В любой другой раз он непременно бы заглянул сам к председателю, благо вопросов что по сборной, что по клубной команде хоть отбавляй. Но сейчас прошел мимо председательского кабинета умышленно, даже не взглянув на его дверь. Навстречу попадались люди-рослые, в разном возрасте, но одинаково крепкой породы.

«Такая публика только в нашем комитете!…-подумал с гордостью, словно все уважительно здоровавшиеся с ним – его воспитанники и именно ему обязаны своим молодцеватым видом.
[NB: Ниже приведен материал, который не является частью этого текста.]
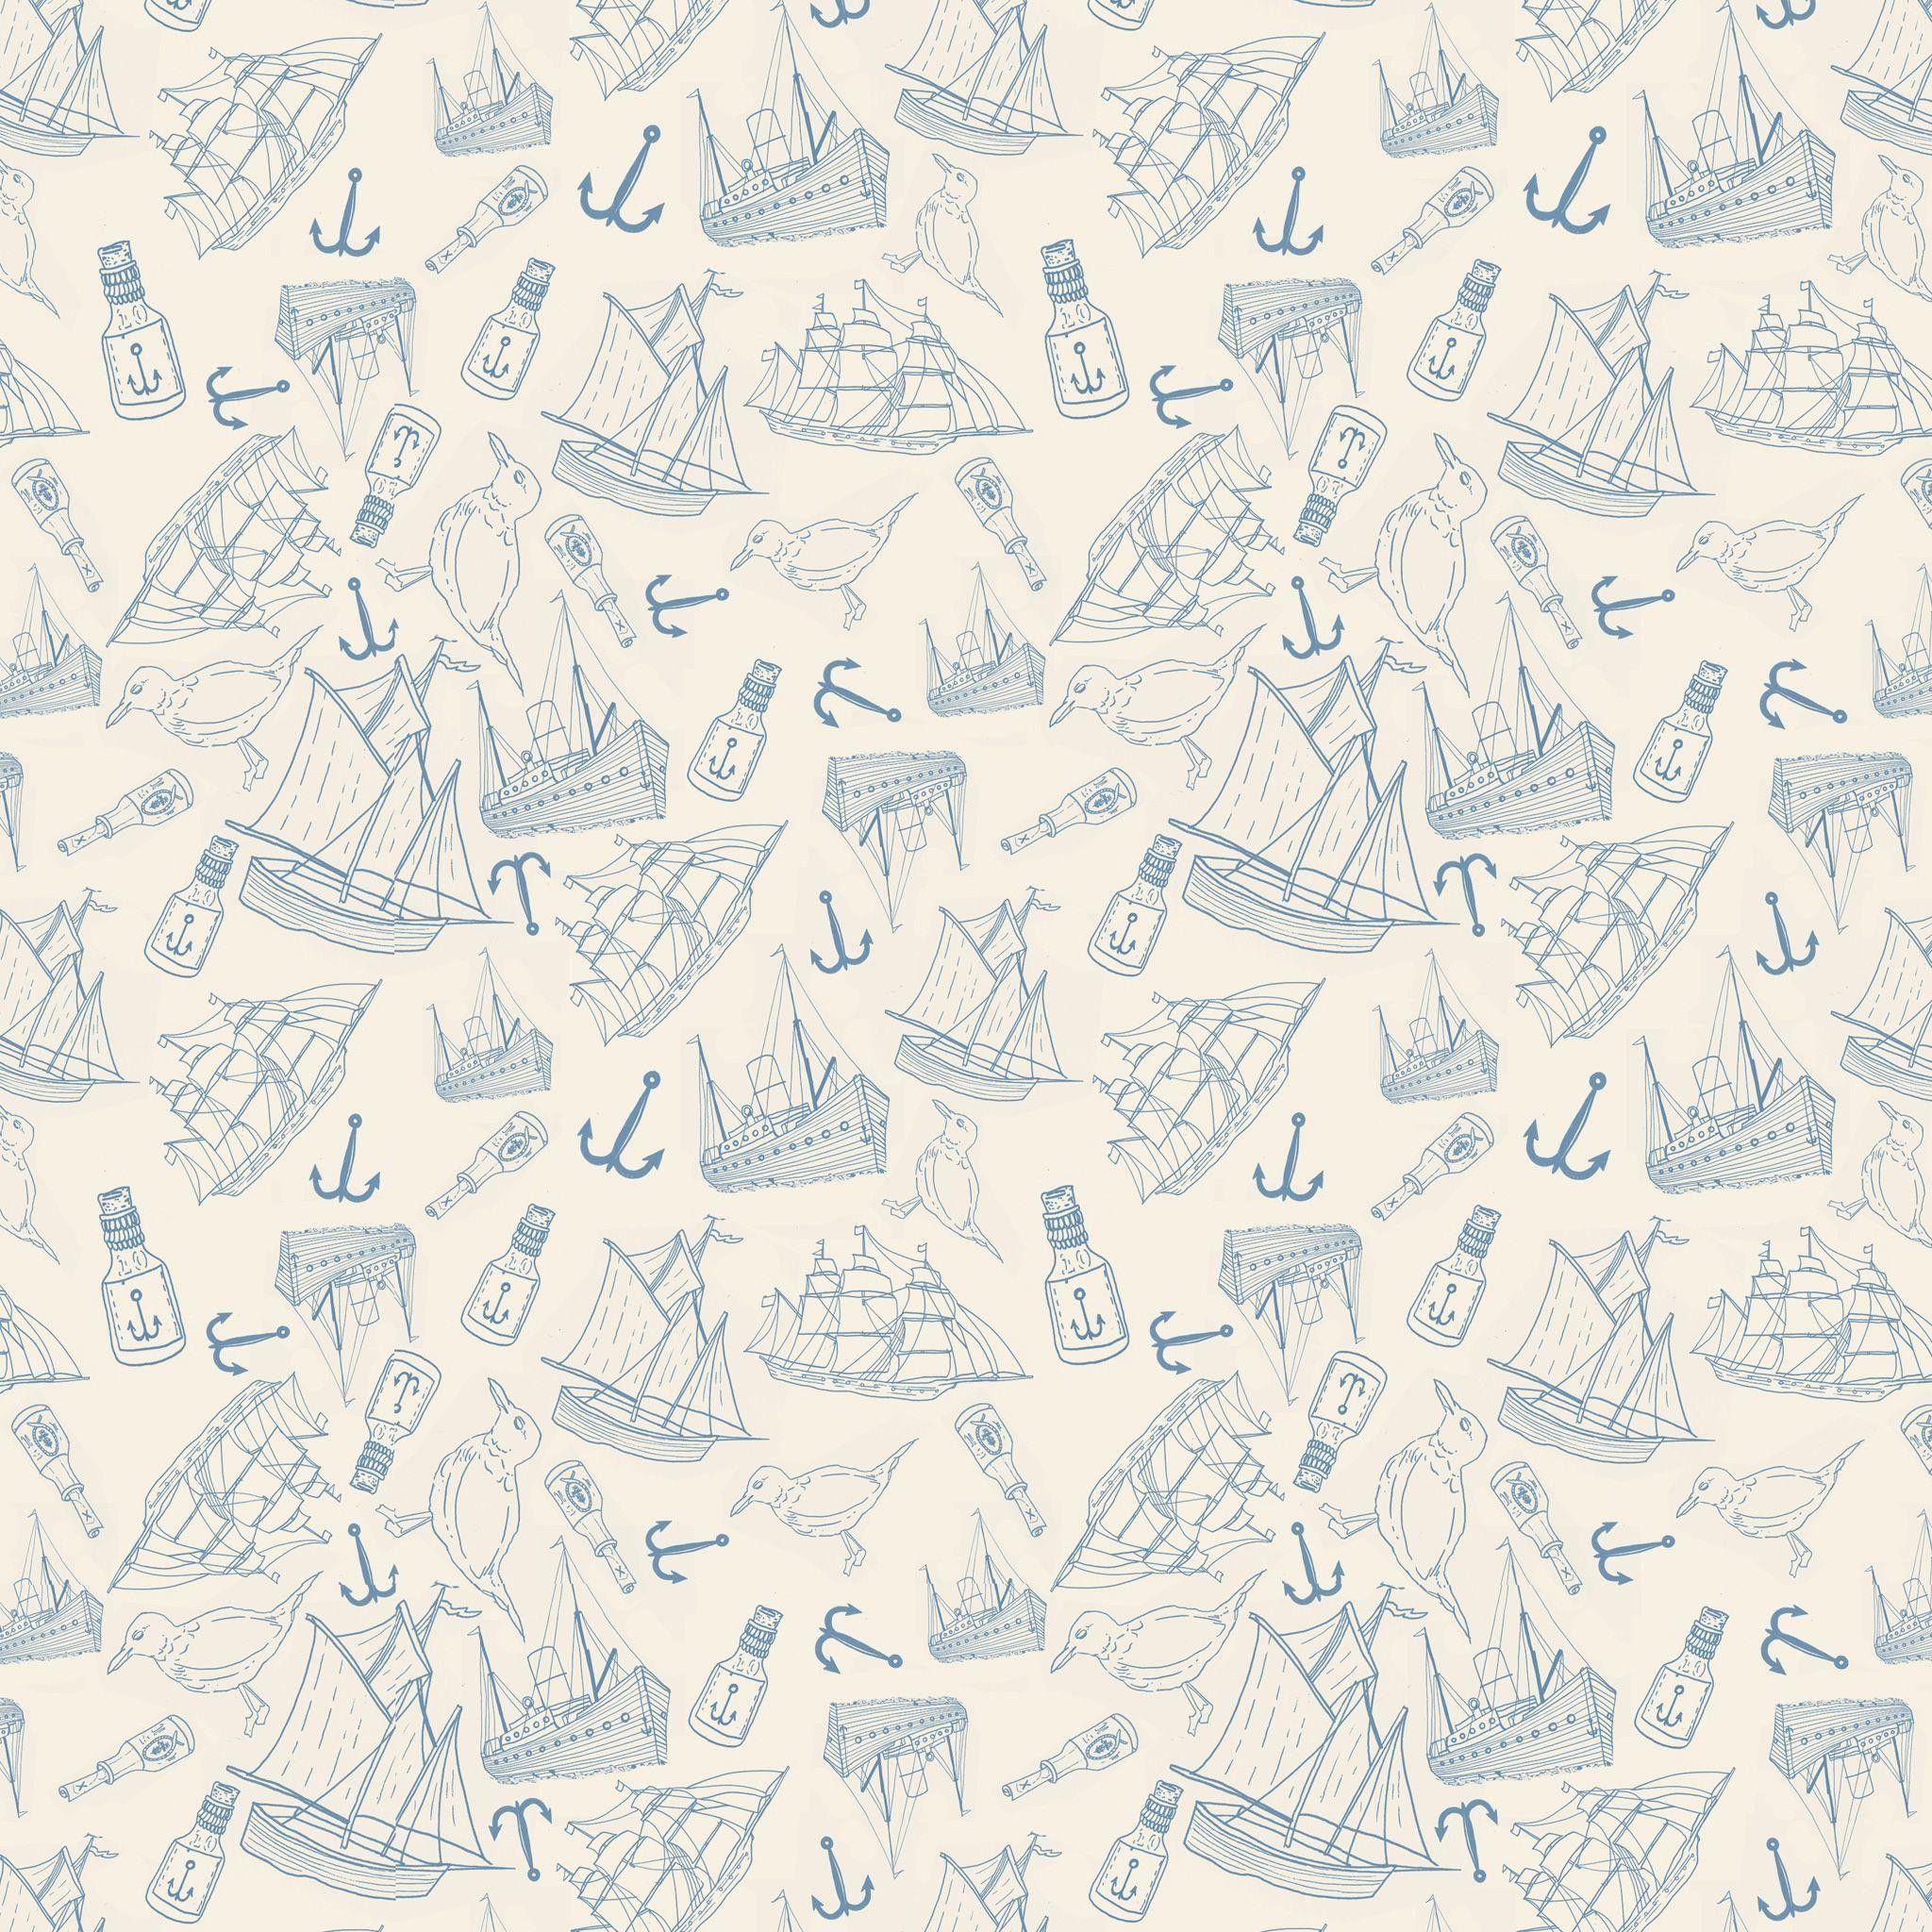 Nautical wallpaper – One More Fun Wall Art
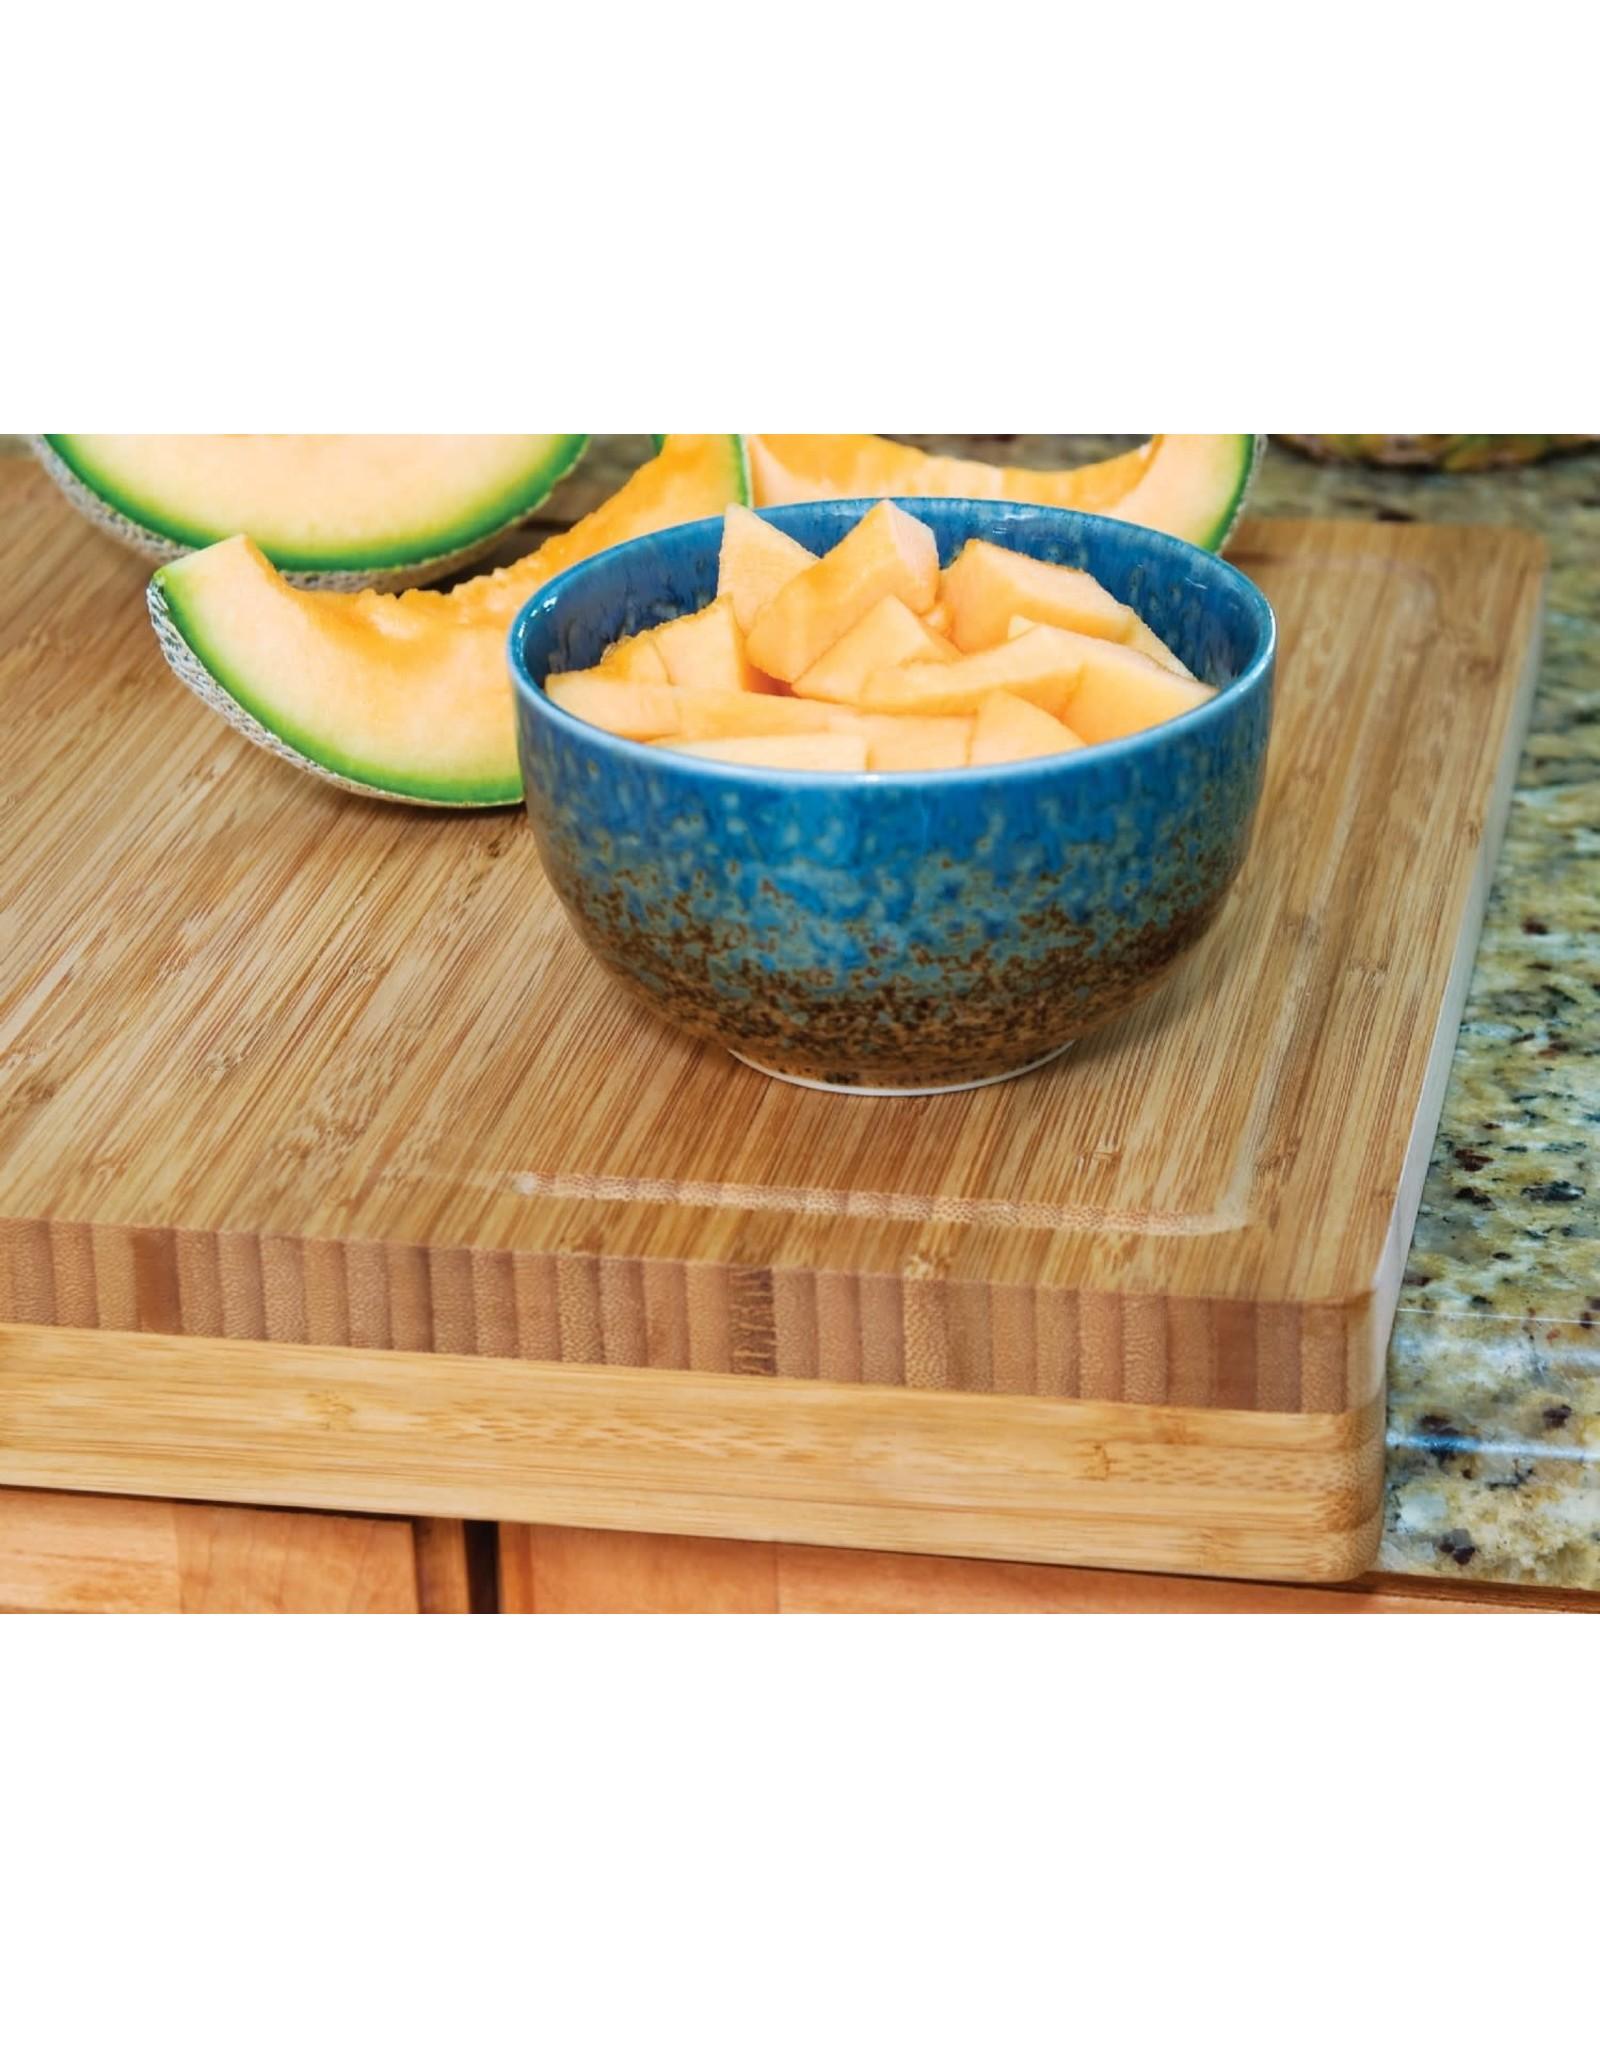 Lipper LIPPER-Bamboo Over-the-Counter-Edge Cutting Board

Рябов на несколько минут задержался на лестничной площадке, взглянув на свой хронограф, – оставалось еще три минуты до назначенного часа, но он решил к Барину раньше времени не приходить. Рябов не помнил, где впервые услышал эту кличку, сразу напрочь и точно приклеившуюся к новому заместителю председателя, который был моложе его, Рябова, почти вдвое. Правда, Борис Александрович считал, что возраст не может служить индульгенцией: ни слишком юный, ни слишком старый. Любой человек стоит ровно столько – сколько он стоит. А это совсем не зависит от количества прожитых лет.

Рябов редко испытывал к малознакомому человеку чувство неприязни, хотя не мог пожаловаться на количество врагов. Но к Михаилу Ивановичу Баринову он сразу же, еще не видя его в глаза, но услышав кличку, проникся, мягко говоря, неуважением. И каждый раз, сколько бы ни сводили его дела с замом, антипатия – похоже, взаимная – только росла. С этим же чувством он и сегодня вошел в приемную. Секретарша – молоденькая, пухлая школьница – «И откуда откопали такую куклу?» – едва не выпрыгнув из кресла, пролепетала:

– Михаил Иванович у председателя. Велел вам подождать…

«Велел!» Интересно, сама так изволила выразиться, или действительно Барин «велел»?

Рябов протянул последнее слово по слогам, передразнивая хозяина приемной, и плюхнулся в кресло. Он достал из кармана записную книжку и начал заносить в нее кое-какие цифры, хотя особой нужды и спешки в работе не было. Мысли Бориса Александровича все время вертелись вокруг столь срочного вызова. Он ждал его, но ждал позже. Что же случилось?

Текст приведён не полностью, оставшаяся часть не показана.